How Freedom Weighting Works
To build FRDM’s index, Life + Liberty first starts with a potential universe of 26 emerging market nations—including the usual players, such as China, Brazil, Russia and so on (read: “‘Freedom’ Based ESG ETF Coming“).
From there, countries are evaluated on 79 personal and economic freedom indicators, based along three main themes: civil liberties (“life”), political freedoms (“liberty”) and economic freedoms (“property”).
Countries are evaluated on everything from the amount of violent conflict, torture and human trafficking within their borders; to the establishment of a free press and judicial independence; to the security of property rights and the existence of tariffs and capital controls.
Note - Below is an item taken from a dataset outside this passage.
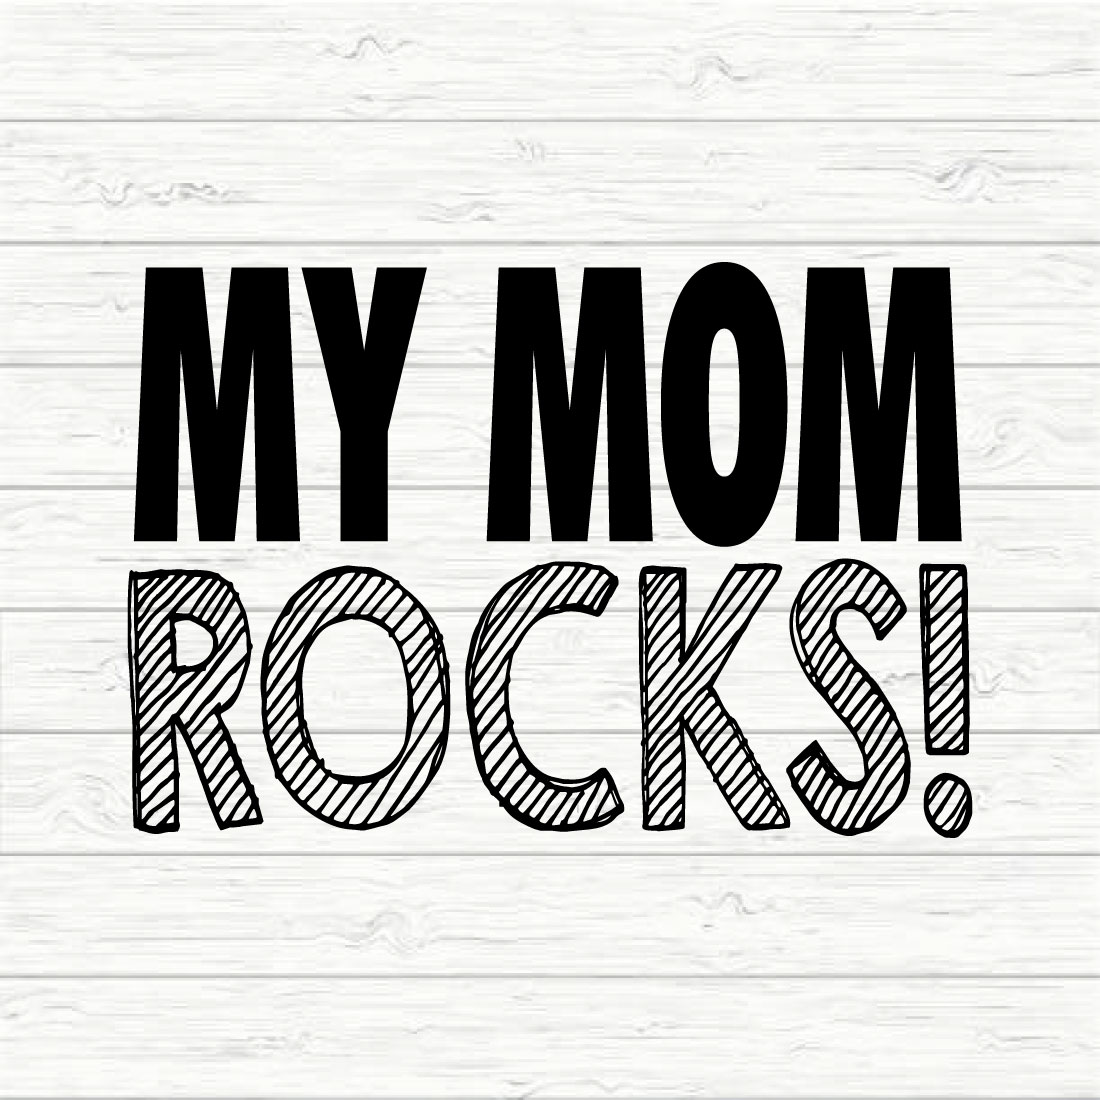 My Mom Rocks preview image.

A quantitative model is then used to rank and weight countries by their freedom levels; the 10 countries with the highest freedom levels are selected for inclusion in the index. (That differs from most emerging markets and ESG funds, which select and rank constituents on a security level, rather than on the country level.)
Finally, the top 10 largest securities in each country are selected and weighted based on their market capitalizations and certain liquidity thresholds. State-owned enterprises (SOEs) are excluded from the mix.
Emerging Market ETF Without China?
This methodology results in an emerging market ETF that’s vastly different under the hood from competing funds. China, Brazil, Russia, Saudi Arabia and many other developing nations with corrupt or authoritarian governments are nowhere to be found inside FRDM.
In fact, out of more than 220 emerging market ETFs, FRDM is the only one not to allocate to China, without specifically being designed for that purpose.
This is to say, several ETFs explicitly exclude China from their investment universe: the Columbia Beyond BRICs ETF (BBRC); the iShares MSCI Emerging Markets ex China ETF (EMXC); and the Columbia EM Core ex-China ETF (XCEM), among others. But until now, there has never been an emerging market ETF that could include China but that chose not to.
Instead, the highest-weighted country in FRDM is Taiwan, at 23%; followed by South Korea, at 18%; and Poland, at 15%. (Compare that to the iShares MSCI Emerging Markets ETF (EEM), which holds 33% of its portfolio in China.)